Decomposing and organizing the computing system—dividing and ruling—in these two ways produced what Dijkstra would later call “hierarchical ordering of sequential processes”.30 Structuring a programming system hierarchically in this bottom-up fashion, one level at a time, has great aesthetic appeal; it is an elegant way for managing the complexity of a large system. After the sequential processes at level i have been designed, implemented, and proved correct, one need not worry about them; they become reliable components for building sequential processes at level i + 1.

V

But how does one prove that an individual program (or a sequential process) is correct? And why is it important to prove correctness as opposed to the usual method in programming of testing a program experimentally on a computer?

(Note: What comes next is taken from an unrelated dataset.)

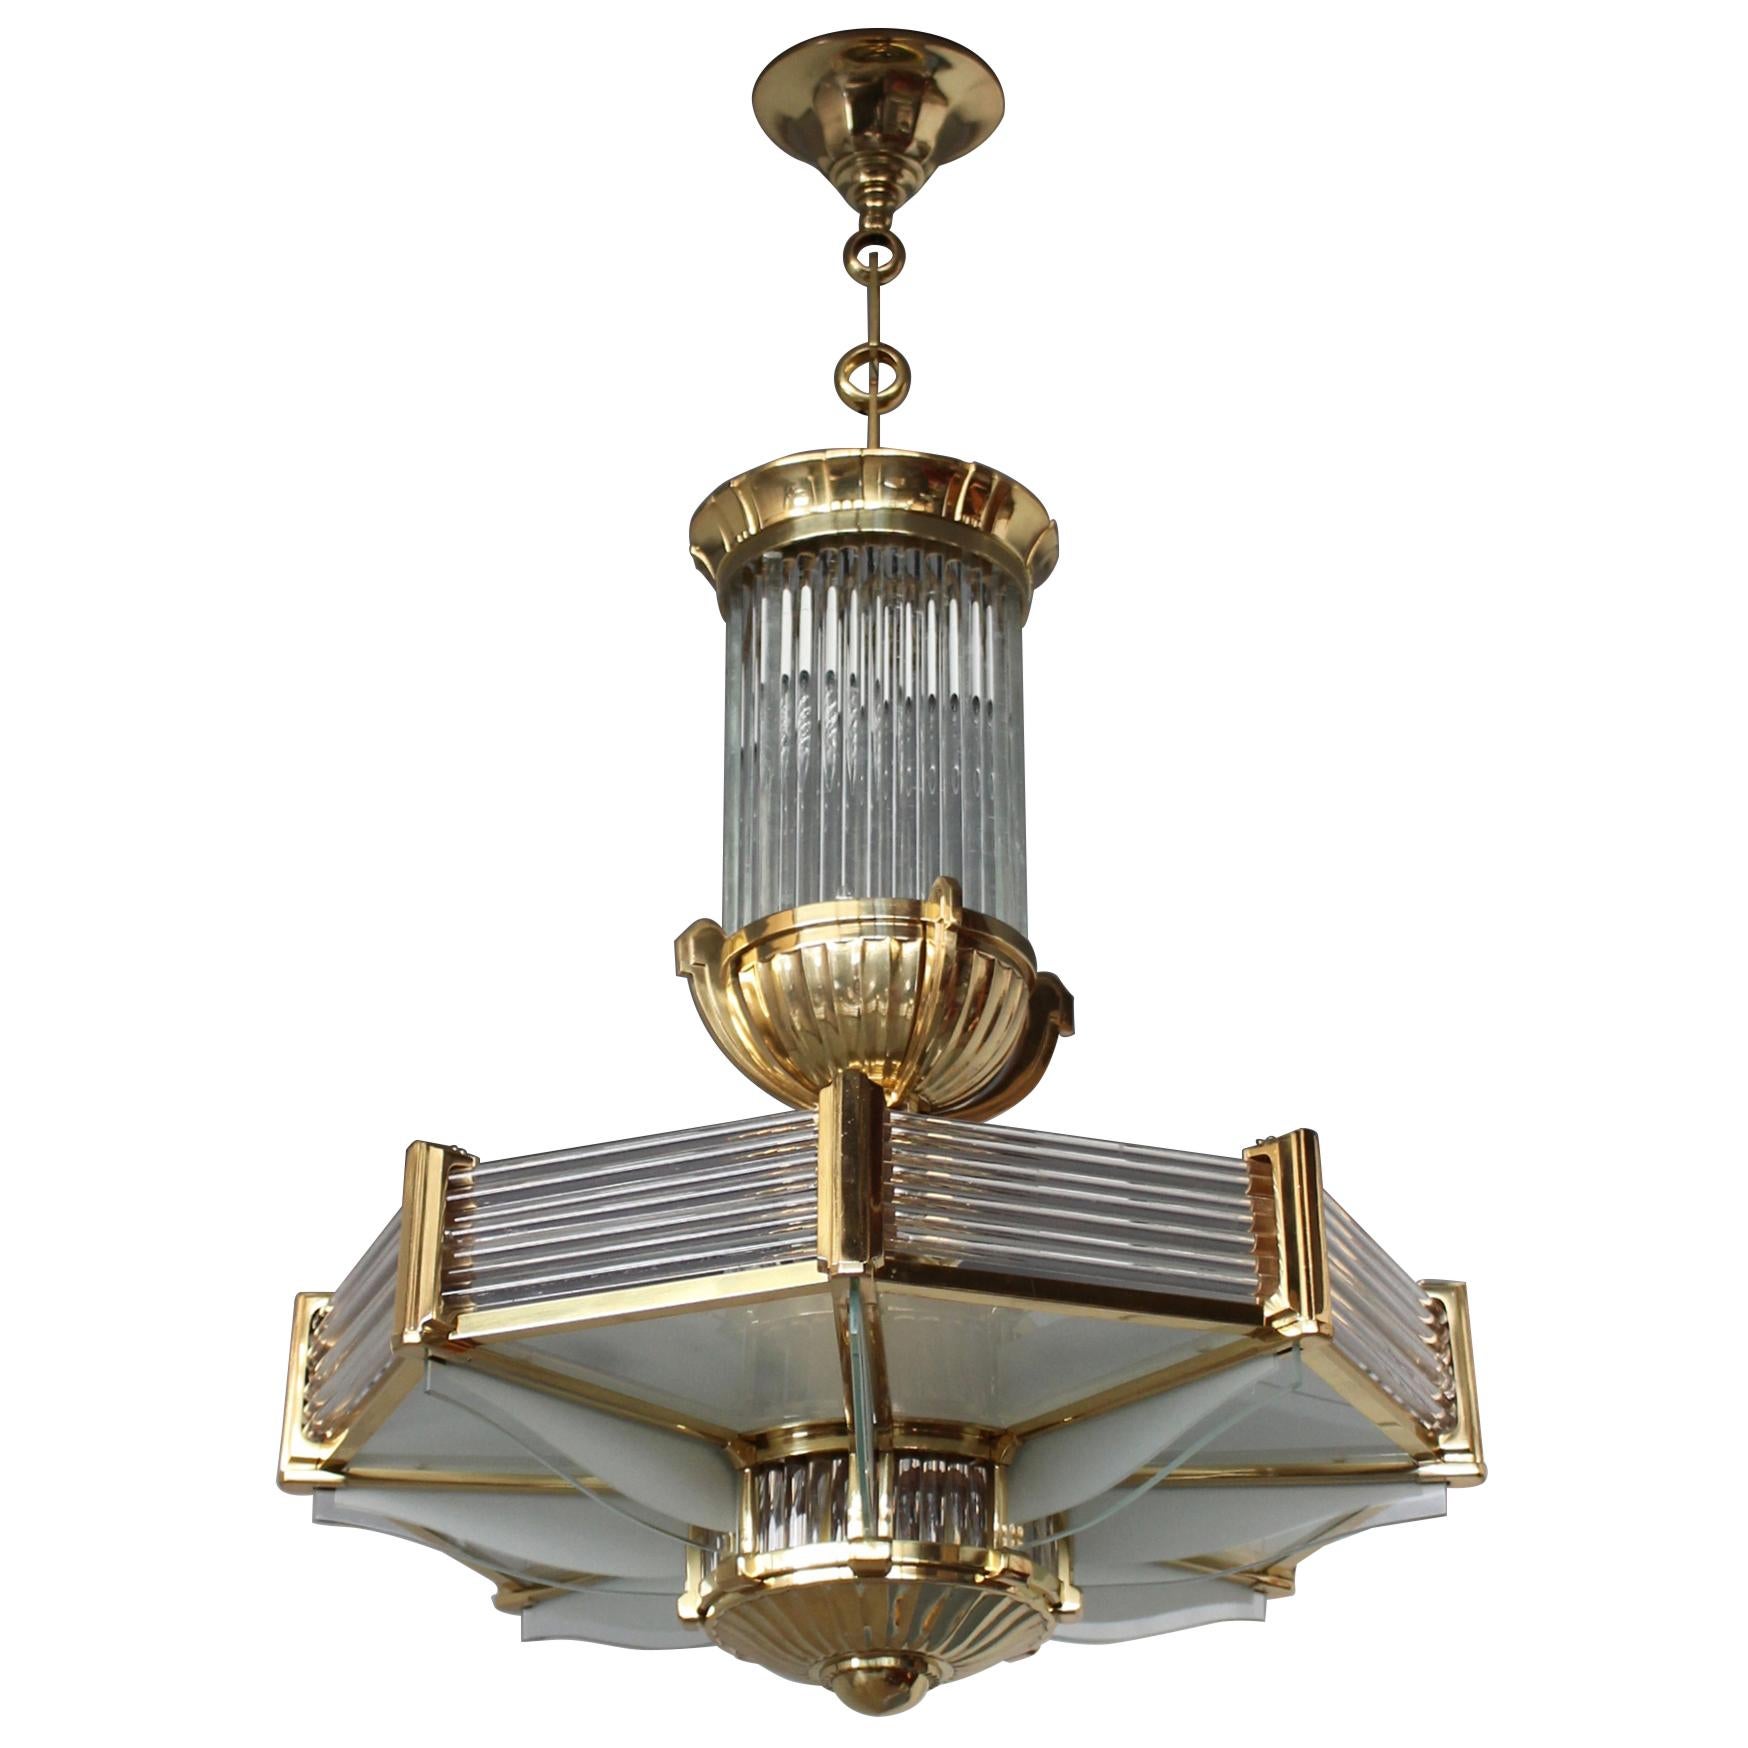 A Fine French Art Deco Octagonal Bronze and Glass Chandelier by Petitot For Sale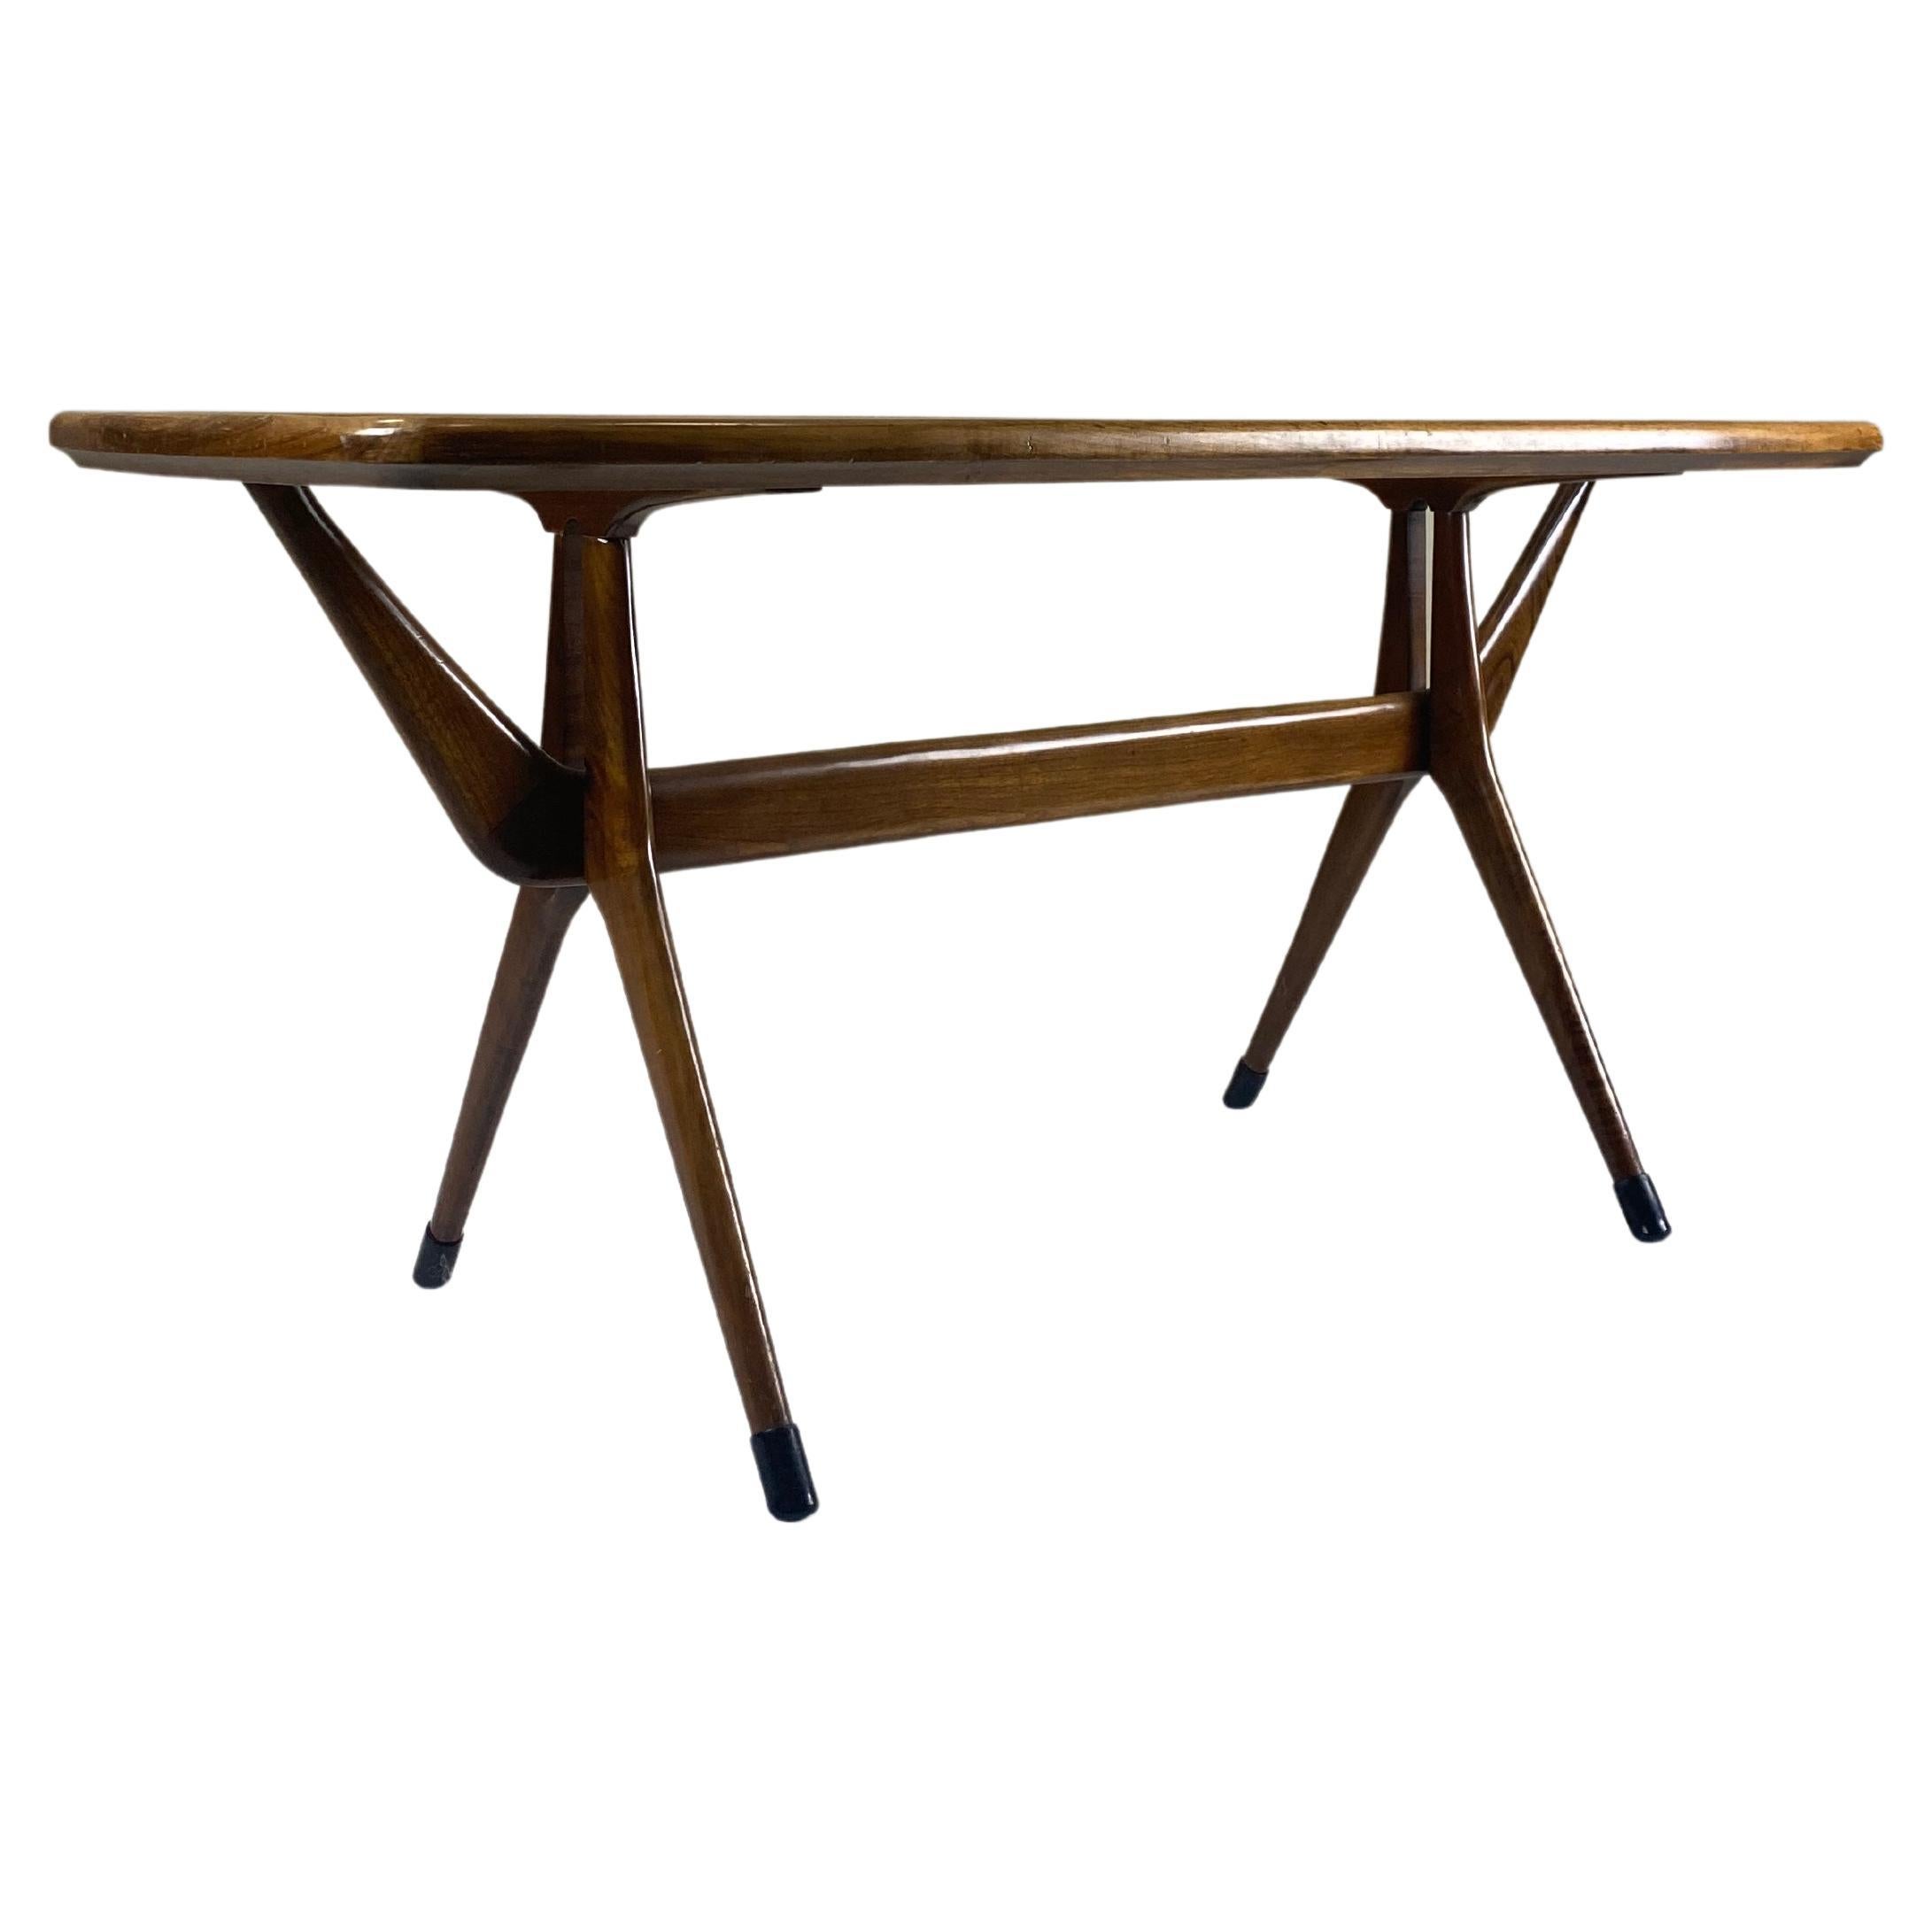 Italian Avantgarde Walnut Coffee Table, Attributed to Cesare Lacca for Cassina For Sale

Dijkstra raised this latter issue in his 1969 paper, “Structured Programming,” presented at the second NATO conference on software engineering. Proving program correctness was preferable to program testing because the latter had an inherent limitation; although empirical testing of a program can reveal the presence of errors, it could never prove their absence.31 This assertion became a much-quoted aphorism, a mantra, in later times. The logic of the statement was impeccable. We do not know whether Dijkstra had read the writings of philosopher of science Sir Karl Popper (1902–1994),32 but there was complete resonance between Dijkstra’s aphorism and Popper’s assertion that no amount of empirical evidence can ever prove the truth of a scientific theory, but just one piece of counterevidence is sufficient to falsify the theory. Thus, “falsifiability” of a scientific theory—demonstrating an error in the theory—is analogous to demonstrating the presence of a bug in a program; demonstrating the absence of error in a scientific theory is the analog to demonstrating the absence of a bug in a program. Neither can be shown by empirical (“inductive”) means—experiment or observation.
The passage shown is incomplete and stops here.